Once you have installed these tools, you can git clone the repository and create the virtual environment with the following command:

git clone https://github.com/Liquid4All/cookbook.git
cd cookbook/examples/car-maker-identification
uv sync

Steps to fine-tune LFM2-VL for this task

Here's the systematic approach we follow to fine-tune LFM2-VL models for car maker identification:

Prepare the dataset. Collect an accurate and diverse dataset of (image, car_maker) pairs, that represents the entire distribution of inputs the model will be exposed to once deployed. You want to cover as many car makers as possible, to make sure you are never out of distribution.
Establish baseline performance. Evaluate pre-trained models of different sizes (450M, 1.6B, 3B) to understand current capabilities. If the results are good enough for your use case, and the model fits your deployment environment constraints, there is no need to fine tune further. Otherwise, you need to fine-tune.
Fine-tune with LoRA. Apply parameter-efficient fine-tuning using Low-Rank Adaptation to improve model accuracy while keeping computational costs manageable.
Evaluate improvements. Compare fine-tuned model performance against baselines to measure the effectiveness of our customization. If you are happy with th results, you are done. Otherwise, you need to dig deeper into model failures and improve the dataset you started with, or the fine-tuning process.

Let's go one by one.

Step 1. Dataset preparation

A fine tuned Language Model is as good as the dataset used to fine tune it

What is a good dataset for fine tuning?

A good dataset for image classification needs to be:

Accurate: Labels must correctly match the images. For car maker identification, this means each car image is labeled with the correct manufacturer (e.g., a BMW X5 should be labeled as "BMW", not "Mercedes-Benz"). Mislabeled data will teach the model incorrect associations.
Diverse: The dataset should represent the full range of conditions the model will encounter in production. This includes:
- Different car models from each manufacturer
- Various angles, lighting conditions, and backgrounds
- Different image qualities and resolutions
- Cars from different years and in different conditions (new, old, dirty, clean)

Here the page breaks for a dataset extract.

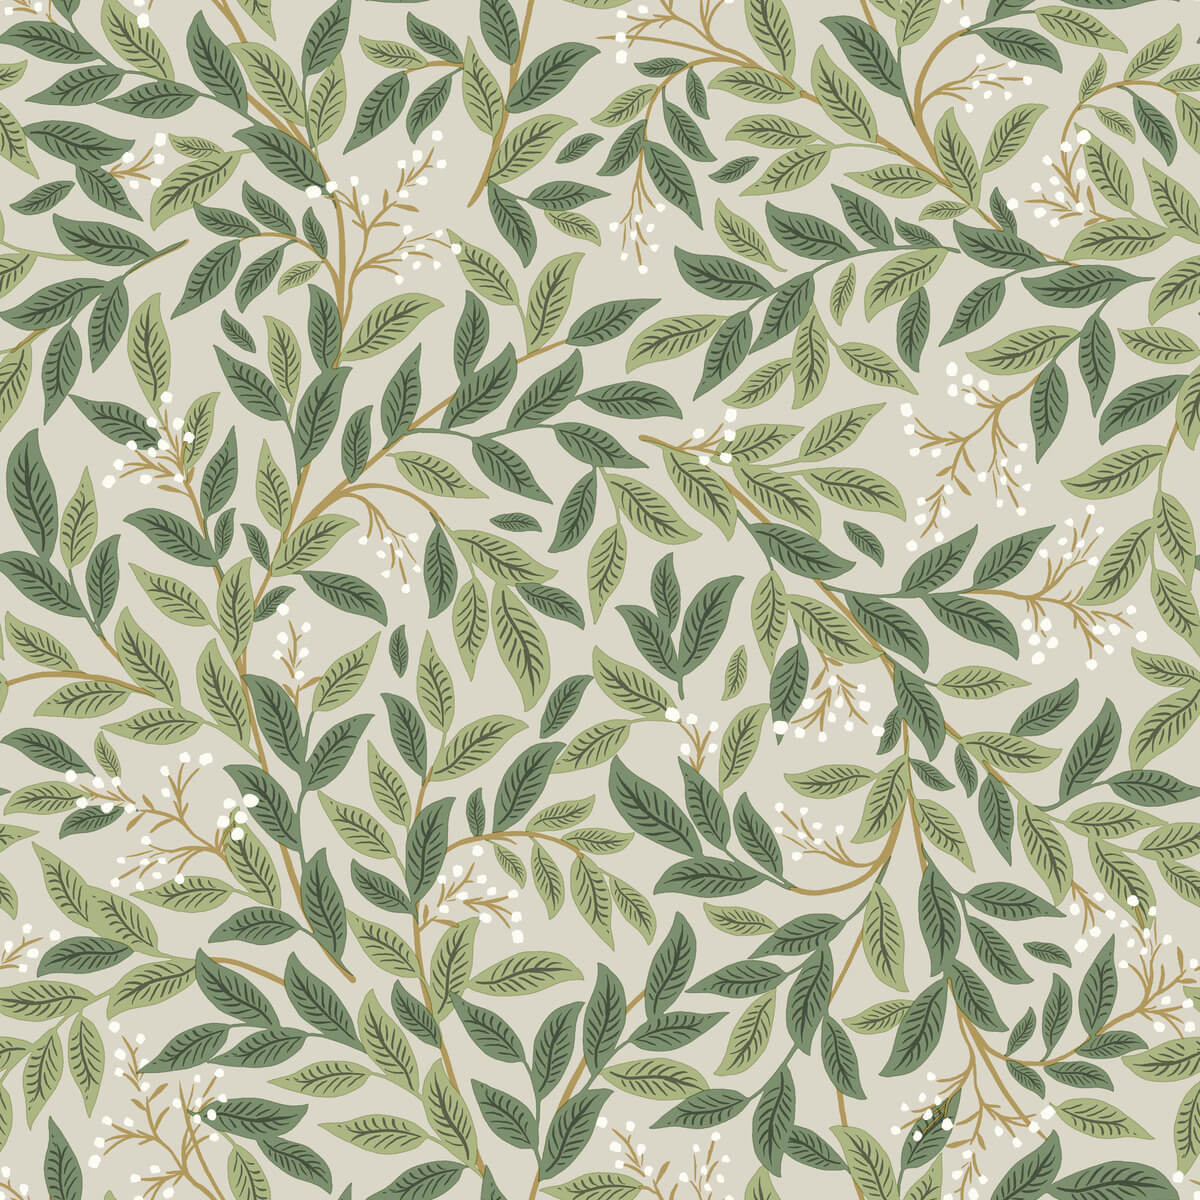 Rifle Paper Co. Second Edition Peel & Stick Wallpaper - SAMPLE

In this guide we will be using the Stanford Cars dataset hosted on Hugging Face.

The dataset contains:

Classes: 49 unique car manufacturers.
Splits: Train (6,860 images) and test (6,750 images) splits.

[TODO add barchart with class distribution]

The dataset includes additional splits with various image corruptions (gaussian noise, motion blur, etc.) for robustness testing, making it ideal for evaluating model performance under different conditions. In this tutorial we will only use the train and test splits.

Step 2. Baseline performance of LFM2-VL models

Before embarking into any fine-tuning experiment, we need to establish a baseline performance for existing models. In this case, we will evaluate the peformance of

LFM2-VL-450M
LFM2-VL-1.6B
LFM2-VL-3B

To build a model-agnostic evaluation script, it is best practice to decouple the evaluation logic from the model and dataset specific code. Feel free to encapsulate the experiment parameters into any configuration file you like. One common approach is to use a YAML file, which is what we will do in this case.

In the configs directory you will find the 3 YAML files we use to evaluate these 3 models on this task

configs/
   ├── eval_lfm_450M_raw_generation.yaml
   ├── eval_lfm_1.6B_raw_generation.yaml
   └── eval_lfm_3B_raw_generation.yaml

These YAML configs are loaded into our Python script using the EvaluationConfig class in src/car_maker_identification/config.py, so we ensure

all necessary parameters are passed and
they all have valid values according to their types.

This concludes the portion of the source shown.